● **How to complete this task**: An exact transcription of all the data is required, with every image removed.

● **Material provided**:
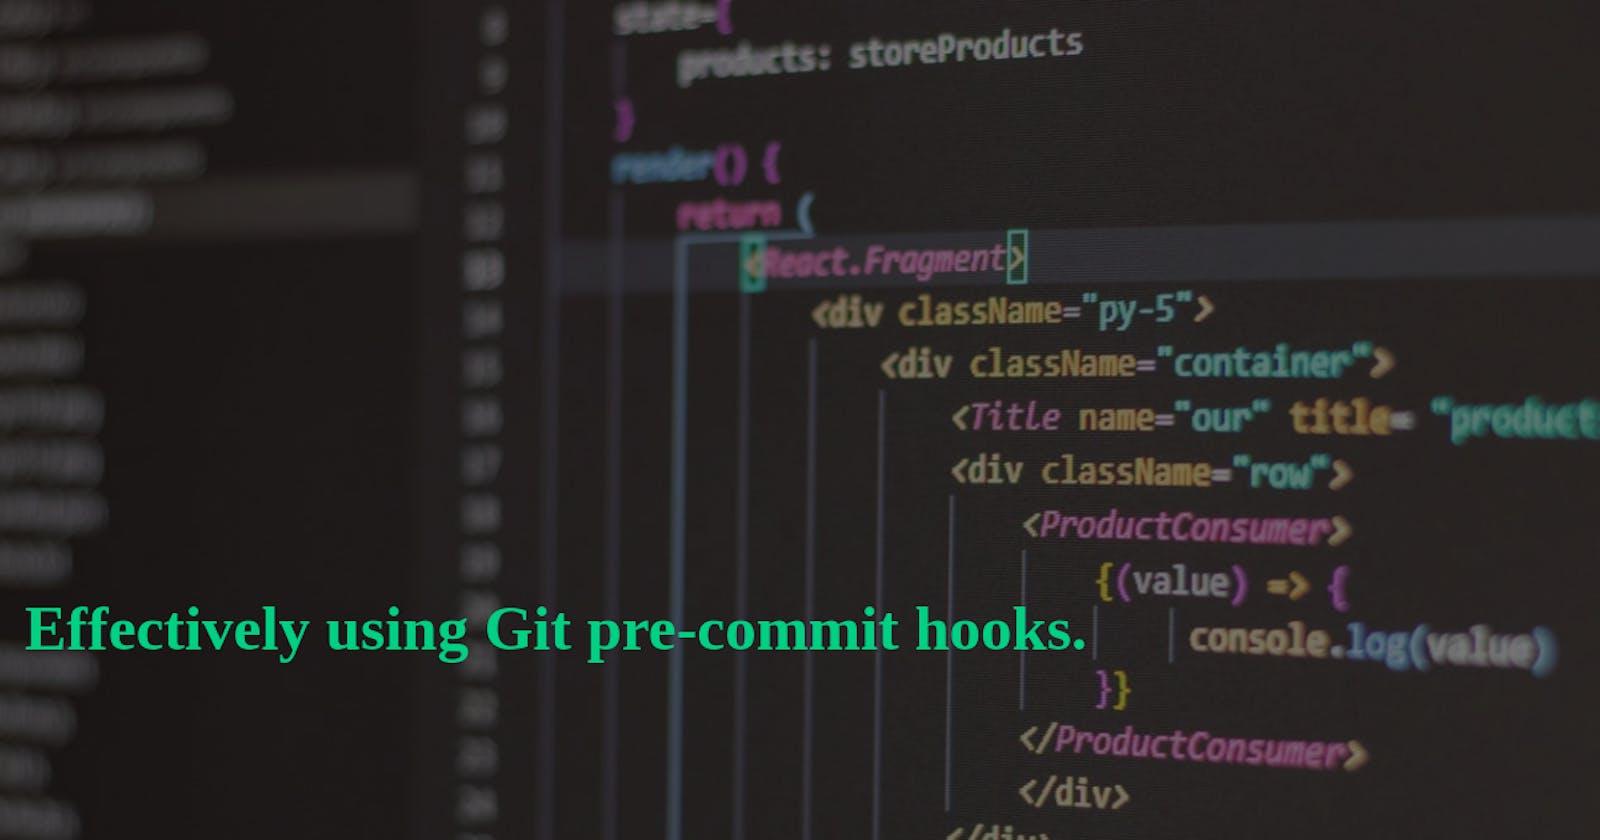 Effectively using Pre-commit hooks in Git for Javascript Developers.
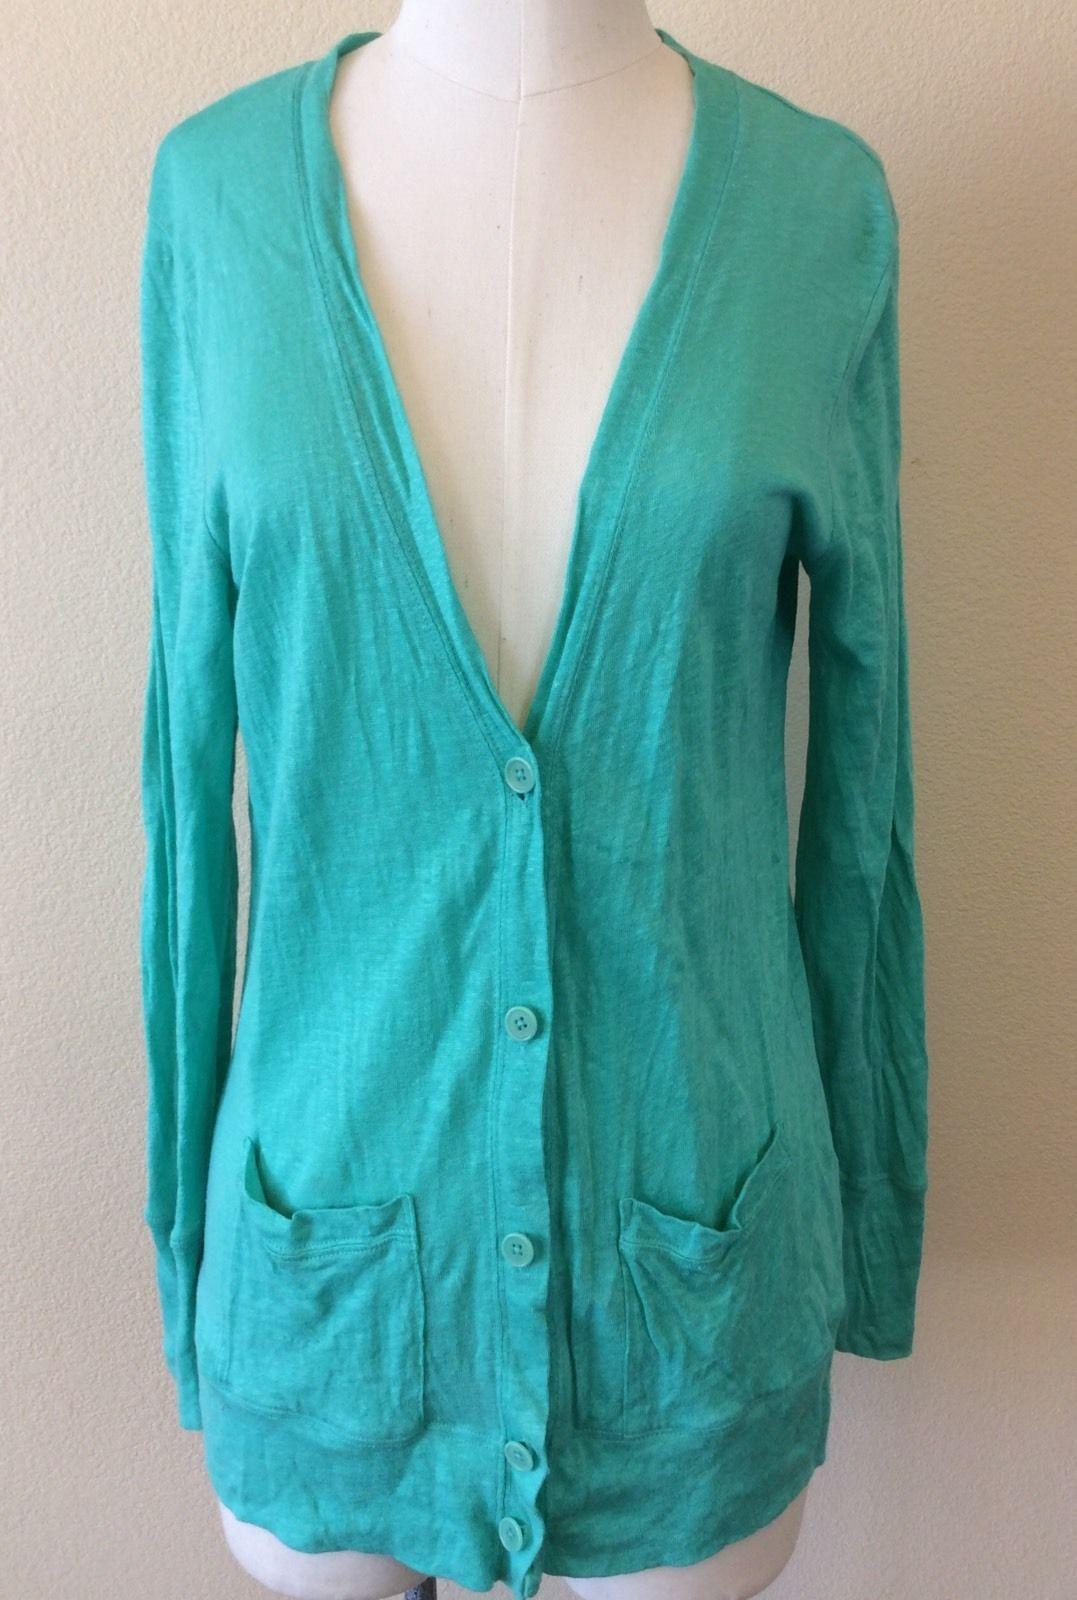 J. CREW Womens Teal Cardigan Sweater Long Sleeve 100% Linen Knit ...
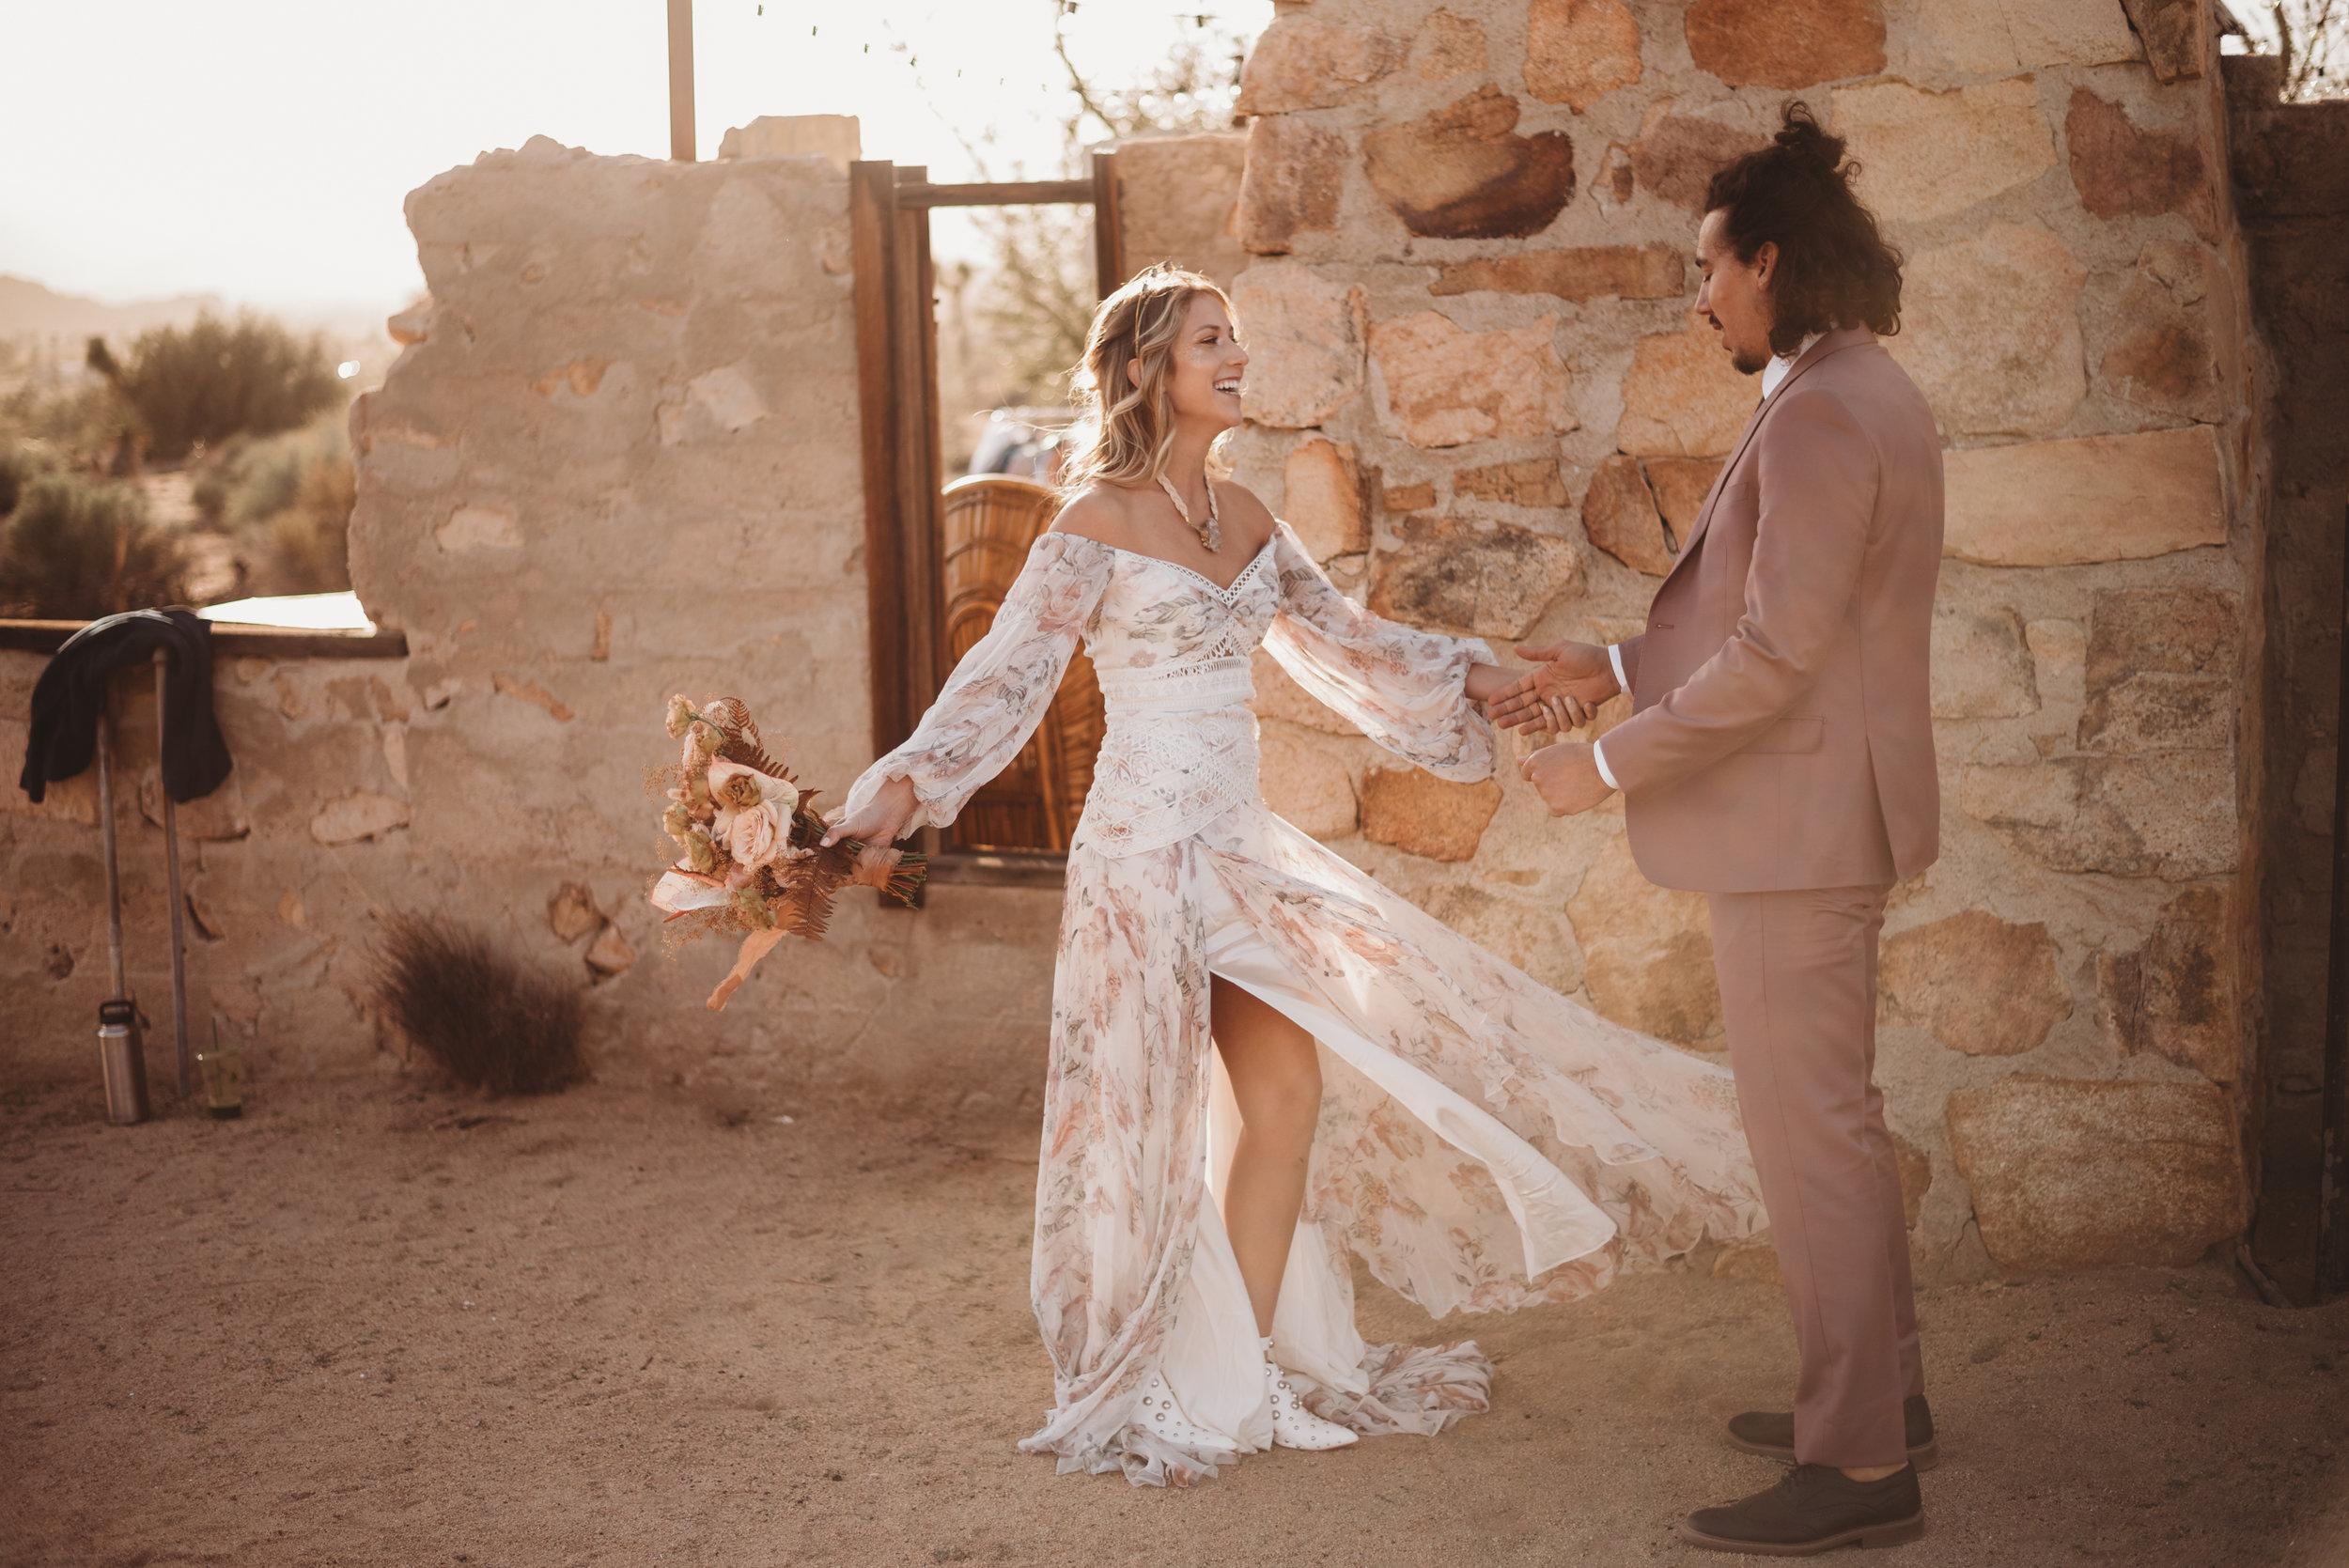 FortSt.John_photographer_TyraEPhotography_Wedding_Couple_Family_Photograhy_DawsonCreek_Elopement_Bride_Boduoir_Portraits-7686.jpg
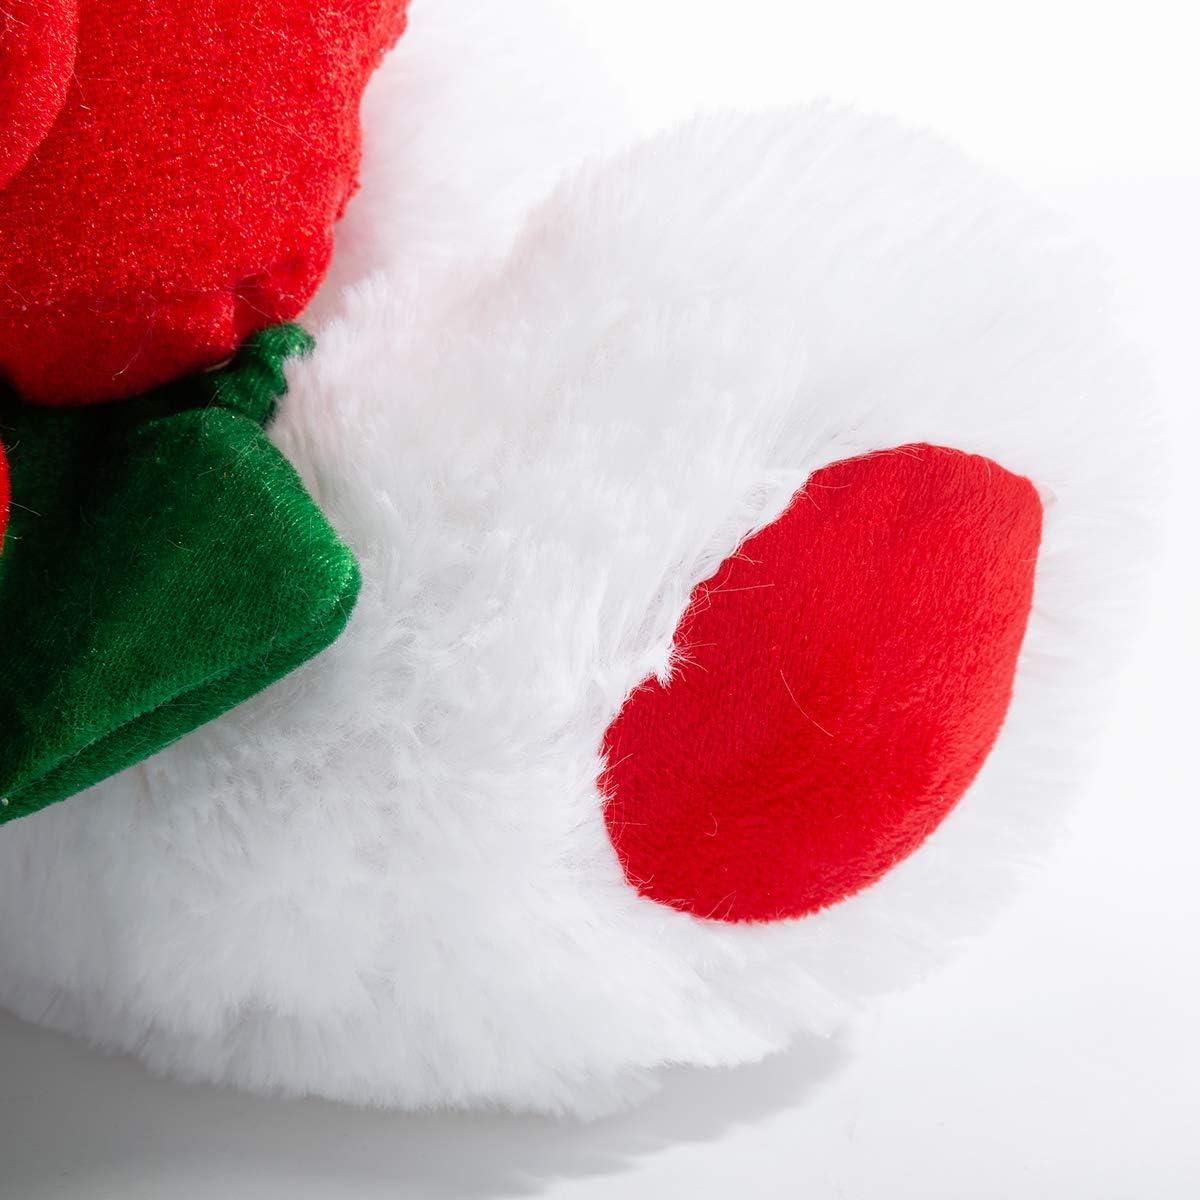 16 Inch White BEJOY Teddy Bear Stuffed Animals Plush Bear Holding Rose Soft Plush Toy Valentines Day

● **Written solution**:
 Effectively using Pre-commit hooks in Git for Javascript Developers.
 J. CREW Womens Teal Cardigan Sweater Long Sleeve 100% Linen Knit ...
 FortSt.John_photographer_TyraEPhotography_Wedding_Couple_Family_Photograhy_DawsonCreek_Elopement_Bride_Boduoir_Portraits-7686.jpg
 16 Inch White BEJOY Teddy Bear Stuffed Animals Plush Bear Holding Rose Soft Plush Toy Valentines Day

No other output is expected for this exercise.